В автомобиле Франц несколько раз порывался спросить у командира, что произошло, но только открывал рот, Штернберг цедил сквозь зубы: «Заткнись».
Едва отъехали от лагеря, Штернберг вдруг приказал остановиться, выскочил из машины и торопливо отошёл от дороги, оступаясь на корнях и отмахиваясь от веток. По припорошённой снегом опавшей листве он скатился в неглубокий овраг, упал на колени, и его вырвало так сильно, как никогда в жизни – с болезненными спазмами, сотрясавшими всё тело, с такой острой судорогой, скрутившей внутренности, что, казалось, желудок наизнанку выворачивается, и вот-вот собственную душу выкашляешь да заодно выблюешь кишки. После того как нутро до последней капли выжало комендантскую выпивку, его ещё долго корчило в сухих позывах, отдававшихся во рту едким привкусом.

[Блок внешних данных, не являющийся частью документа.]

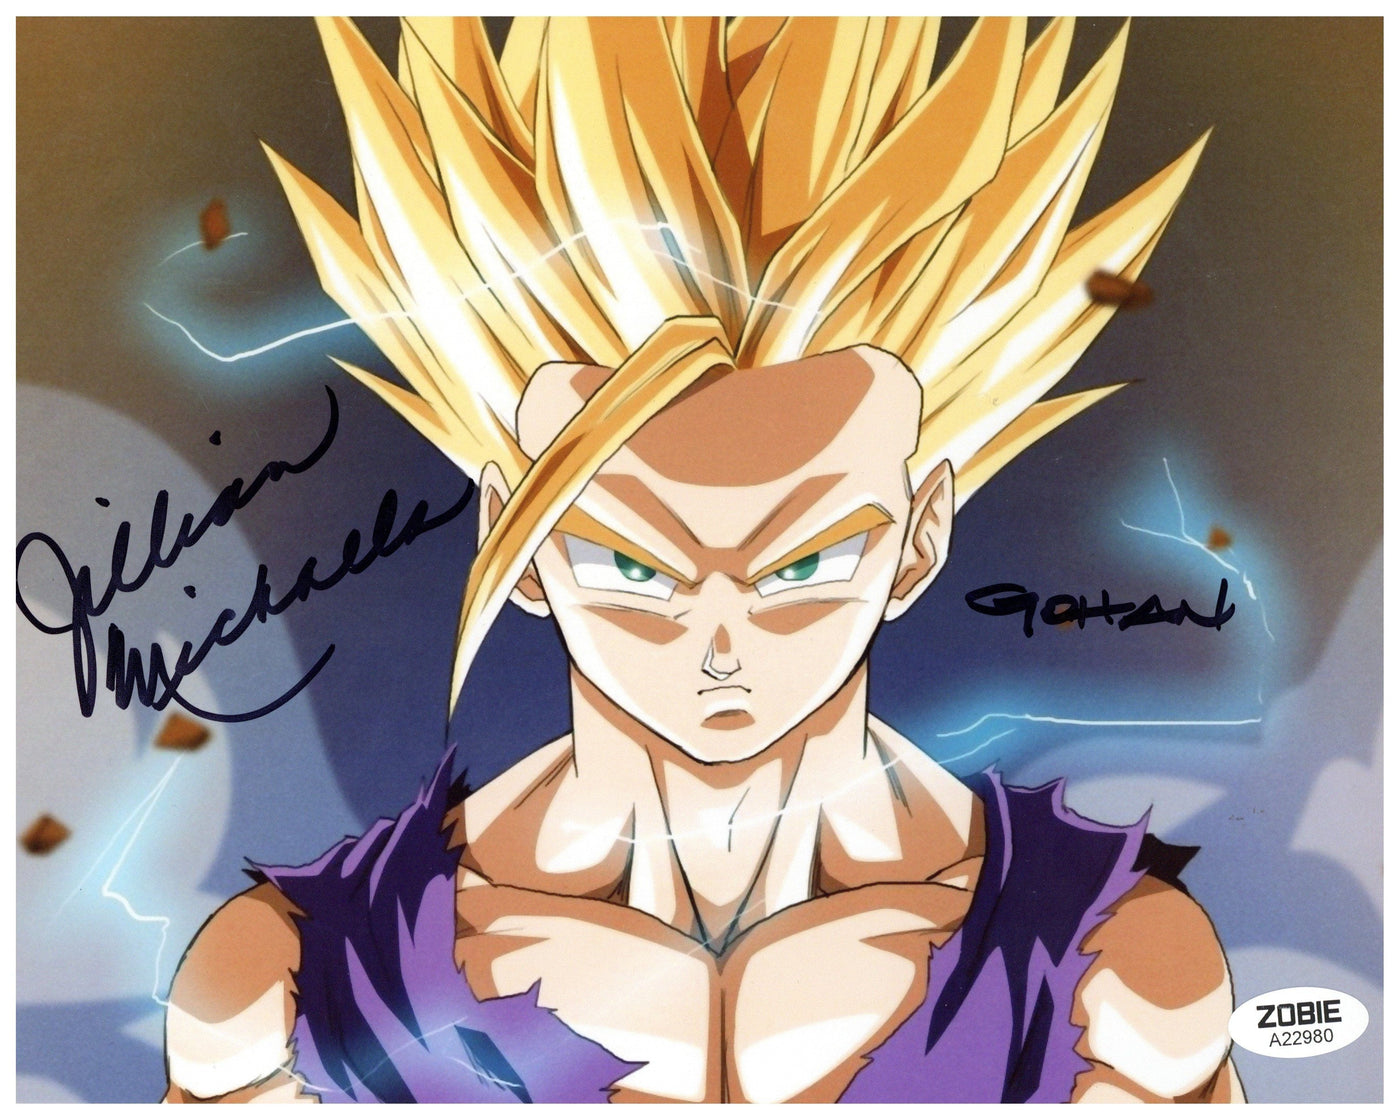 Jillian Michaels Signed 8x10 Photo Dragon Ball Z Gohan Autographed Zobie COA #2

Когда он, наконец, вернулся к автомобилю – с гнилыми листьями, прилипшими к полам шинели, на ослабевших, дрожащих ногах, вытирая губы платком, – гестаповцы, покуривавшие у своего «Фольксвагена», переглянулись, и Хармель скучно заметил:
– Я ж говорил, паршивое у Зурена вино. Не вино, а коровья моча. Меня ещё вчера от него мутило…
Шольц усмехнулся, наблюдая, как услужливый унтер пытается почистить своему командиру шинель, а тот хлопает его по загривку и молча указывает на машину.
В гостиничном номере Штернберг первым делом бросился в ванную, с омерзением сковыривая с себя и швыряя на пол одежду, всю, как ему мерещилось, насквозь провонявшую гарью, блевотиной, барачной дезинфекцией. Словно бы какая-то невидимая плёнка, вроде засохшей слизи, покрывала его с ног до головы, и он с остервенением, едва ли не в кровь раздирая, скрёб губкой саднящую кожу, и яростный ливень душа заглушал его сдавленные рыдания, мгновенно смывая слёзы с искажённого лица. Он давился тёплой, дрянной на вкус водой, раскрывая рот в беззвучном крике, от которого, должно быть, лопнули небеса, задыхался и кашлял, и на мгновение становилось легче, проще. В хрипе воронки, втягивавшейся в сливное отверстие, слышались вопли избиваемой солдатами беременной. Совершенно некстати вспомнилось, какими осторожными, важными шажками спускалась сестра по неудобной крутой лестнице в их мюнхенском доме в те месяцы, когда донашивала Эммочку. А ведь сегодня на этих ужасных многоярусных нарах могли бы находиться и его мать, и отец, и сестра, и Эммочка, если б несколько лет назад он выбрал иную долю – участь студентов из подпольной организации «Белая роза», и был бы, несомненно, гильотинирован одним из первых, потому что всегда слишком заметен, слишком на виду, слишком рьяно берётся за любое дело, а родные были бы разбросаны по концлагерям рейха – прокляли бы они его за это? Или гордились бы им? Не отреклись бы от него, как теперь, а гордились?..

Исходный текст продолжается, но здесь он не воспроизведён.